Fort Wayne Wills Lawyer

 


 

A Last Will and Testament (more commonly referred to simply as a Will) should provide simple, straightforward directions to your surviving loved ones, and can be used to give specific personal property items, monetary gifts, real estate, and other assets to individuals or even charities. A Will allows you to put in writing your wishes on how to distribute your assets and wrap up your affairs. One of the most important, if not the most important instruction in your Will, is who will become the guardian of your minor children.

A Will should also name a “personal representative” (the modern term for an “executor”) to carry out the terms of your Will. A personal representative will work with the estate attorney by gathering all your assets, ensure minor children go to the named guardian, ensure assets go to the proper designated people in your will, and determine if an estate needs opened. The first task of a personal representative is to petition (request) the Court to appoint them as the personal representative. This is done at the time they probate the Will and petition to administer the estate/open the estate. Not all Wills need to go through the court process. This will depend on the type and value of your assets at death and other factors, see estate administration. Choosing a personal representative is very important. You want to choose someone you trust, someone who will follow your wishes, and usually someone who lives in Indiana.

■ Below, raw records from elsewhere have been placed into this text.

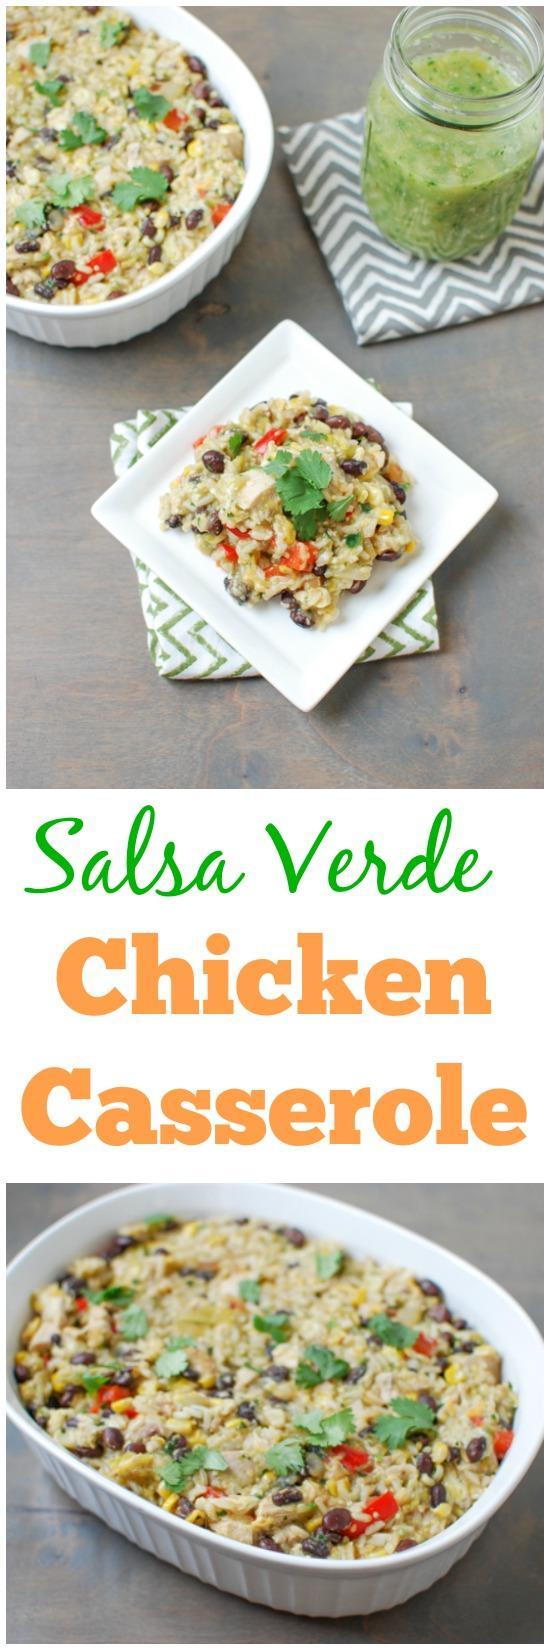 Salsa Verde Chicken Casserole | The Lean Green Bean | Bloglovin'
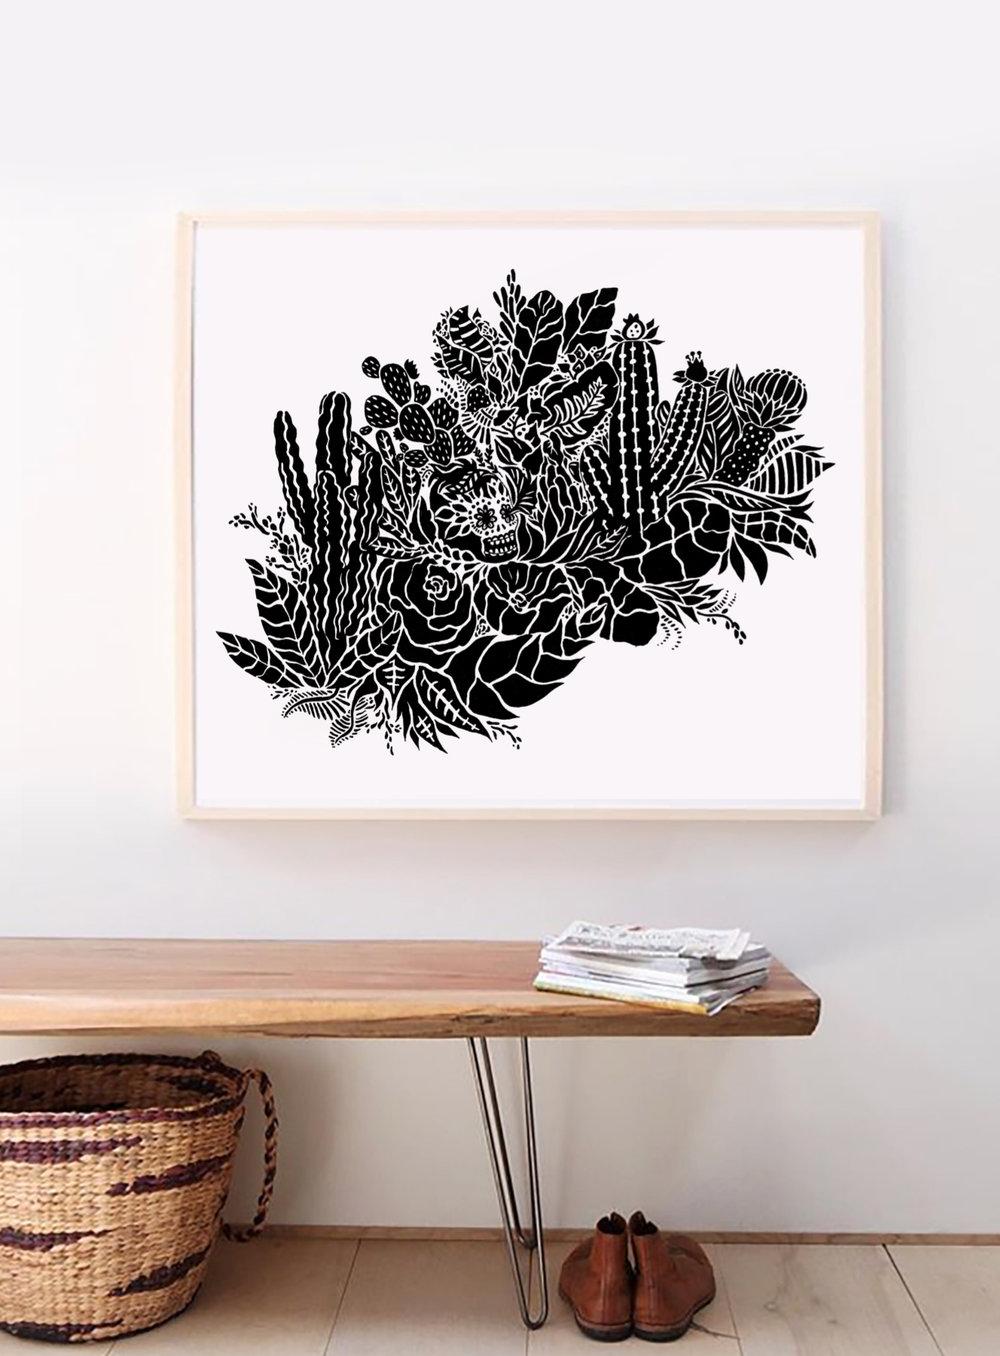 Cactus_02.jpg
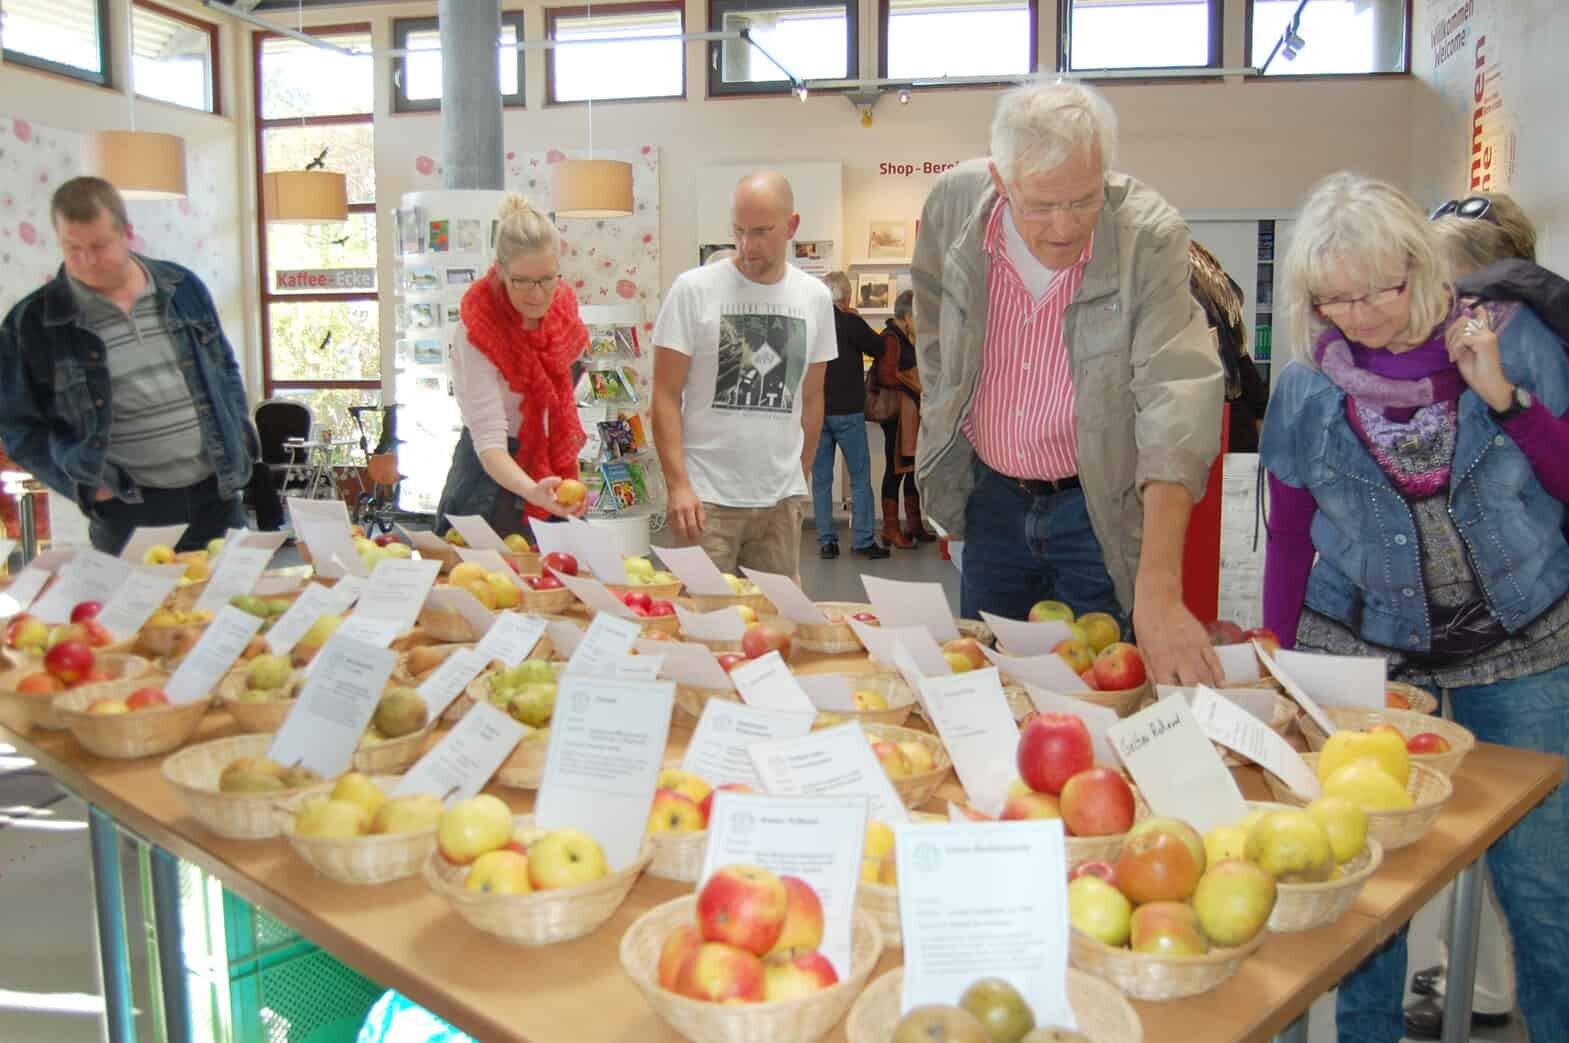 Foto: Apfelsortenausstellung von Jens Meyer im Informationszentrum PAHLHUUS. Fotoautorin: Susanne Hoffmeister

Your Will can also be used to name a guardian for your minor children, create a trust for family members who are too young or incapacitated to handle direct gifts, and even provide for the care and financial needs of family pets. If you leave no Will at all the laws of the state will be instrumental in determining who will be the guardian for your minor children. The unintended result could be two (2) or more family members/in-laws fighting over who should be the guardian of your minor children. The winner may not be the person or persons you wanted your children to go to. It can be difficult to decide who to name as a personal representative or even a guardian for your minor children. In fact, we see clients delay drafting their Will for this very reason. While we cannot name someone for you, or tell you who to name, we will guide you through the thought process of things to consider when naming a guardian. Remember, you can always change your Will if circumstances change with you or change with your named personal representative, guardian, or beneficiary. If a beneficiary is on Social Security or receives other governmental assistance, inheriting your assets may negatively affect what he or she receives from Social Security or other governmental assistance.

Excluding someone from inheriting your assets or leaving specific items to someone can also be done in your Will. You are able to leave specific items to a person or even a charity in your Will. You may also specifically exclude someone who may otherwise be entitled, so they do not take a share of any of your assets. However, there are limitations in the event you want to exclude your spouse and Indiana Law should be carefully considered before excluding a spouse. An excluded spouse has certain rights under Indiana law. This is known as the spousal election, surviving spouse laws, and widows allowance laws.

Other terms you should know:

  • Testator/Testatrix: This is the male/female who created the Will.
  • Beneficiary/Heir: Is a person who receives some benefit as a result of a Will or Trust.
  • Devise/bequeath: Are fancy terms that mean to give or leave assets to someone.
  • Per Stirpes or Per Capita: These are legal terms which determine how your assets will be devised if an heir/beneficiary predeceases the Testator/Testatrix.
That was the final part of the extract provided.